コーポレートガバナンス改革と結び付く今後の内部通報制度

11月25日、会社法の改正に伴う会社法施行規則、会社計算規則の改正案(パブコメ案)が公表され、(今後修正の予定がありますが)ほぼ全容が明らかになりました。また、金融庁、東証が事務局となっているコーポレートガバナンス・コード有識者会議により策定される「ガバナンスコードのたたき台」の骨子も明らかになりました(金融庁HPで閲覧できます)。それぞれ議論すべき問題点はたくさんありますが、いずれにおいても、企業不祥事の早期発見等を目的とした内部通報制度の充実について条文(条項)に明記されることになり、企業、とりわけ「特定監査役会設置会社」※クラスの会社においては、今後の対応が喫緊の課題になりそうです。

※・・・会社法上の公開会社かつ大会社である監査役会設置会社のうち、金商法上の有価証券報告書提出会社であるもの(改正会社法施行規則案74条の2、第2項参照)

たとえば取締役会設置会社の場合、業務の適正を確保するための体制整備のために、会社法施行規則案100条3項4号では、従業員が監査役に報告をする体制、子会社従業員が親会社監査役に報告をするための体制整備が求められており、同5号では、従業員が、このような報告を行ったことによって不利益な取り扱いを受けないことを確保するための体制整備が求められています。4号では、従業員から報告を受けた別の従業員の報告ルートの確保も求められているので、まさに内部通報制度の充実が会社法上も求められています。これは企業グループとしても同様です(企業集団内部統制の一環として、親会社が子会社従業員より通報を受けるシステムの構築等)。

ここで特記すべきは、監査役の職務執行の実効性確保のために報告体制の整備が求められている点です。
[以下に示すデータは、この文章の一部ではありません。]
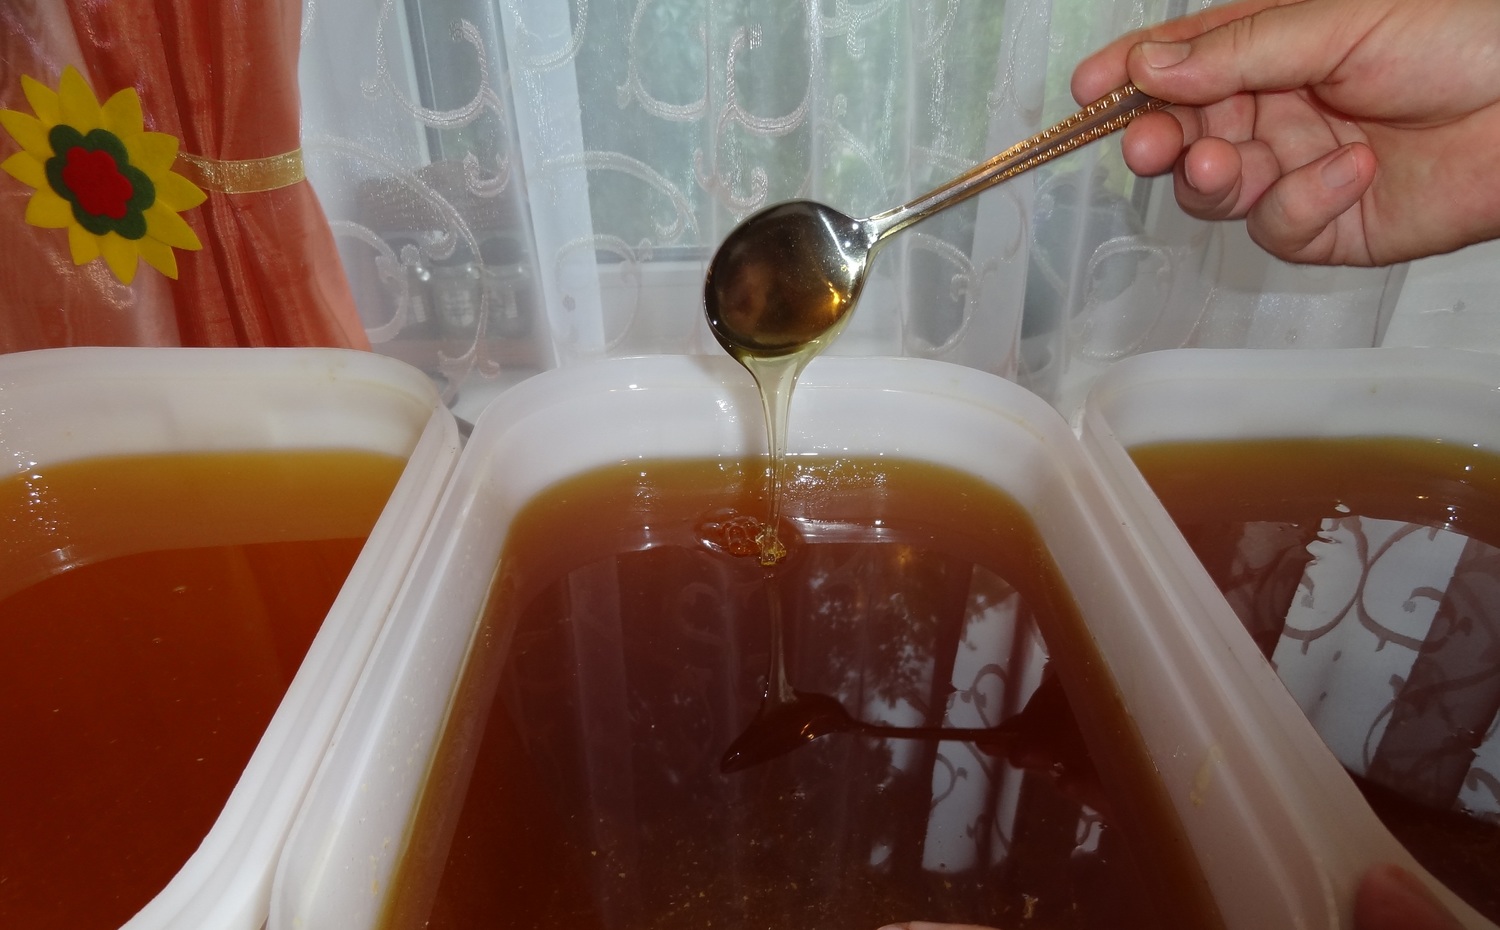 <span style="font-weight: normal;">Натуральный мёд из нектара трав Саратовского Заволжья отличается насыщенным вкусом. В творенье Божьем кладезь силы.</span><br>

これまでも内部通報制度は各社において整備されてきたと思いますが、従業員の不正は、通報制度によって早期発見することができても、経営陣の不正は握りつぶされてしまって実効性に限界があると言われています。私も常々「ヘルプラインはガバナンスと併せて議論しなければ実効性は向上しない」と申し上げてきましたが、ここでようやく監査役への報告体制の整備・・・という形で整備が求められるレベルになりました。

一方、ガバナンス・コード有識者会議におけるたたき台では「第2章 株主以外のステークホルダーとの円滑適切な協働」において、「基本原則2-5 内部通報」として、以下のように条文化されています(たたき台なので、もちろん修正される可能性はあります)。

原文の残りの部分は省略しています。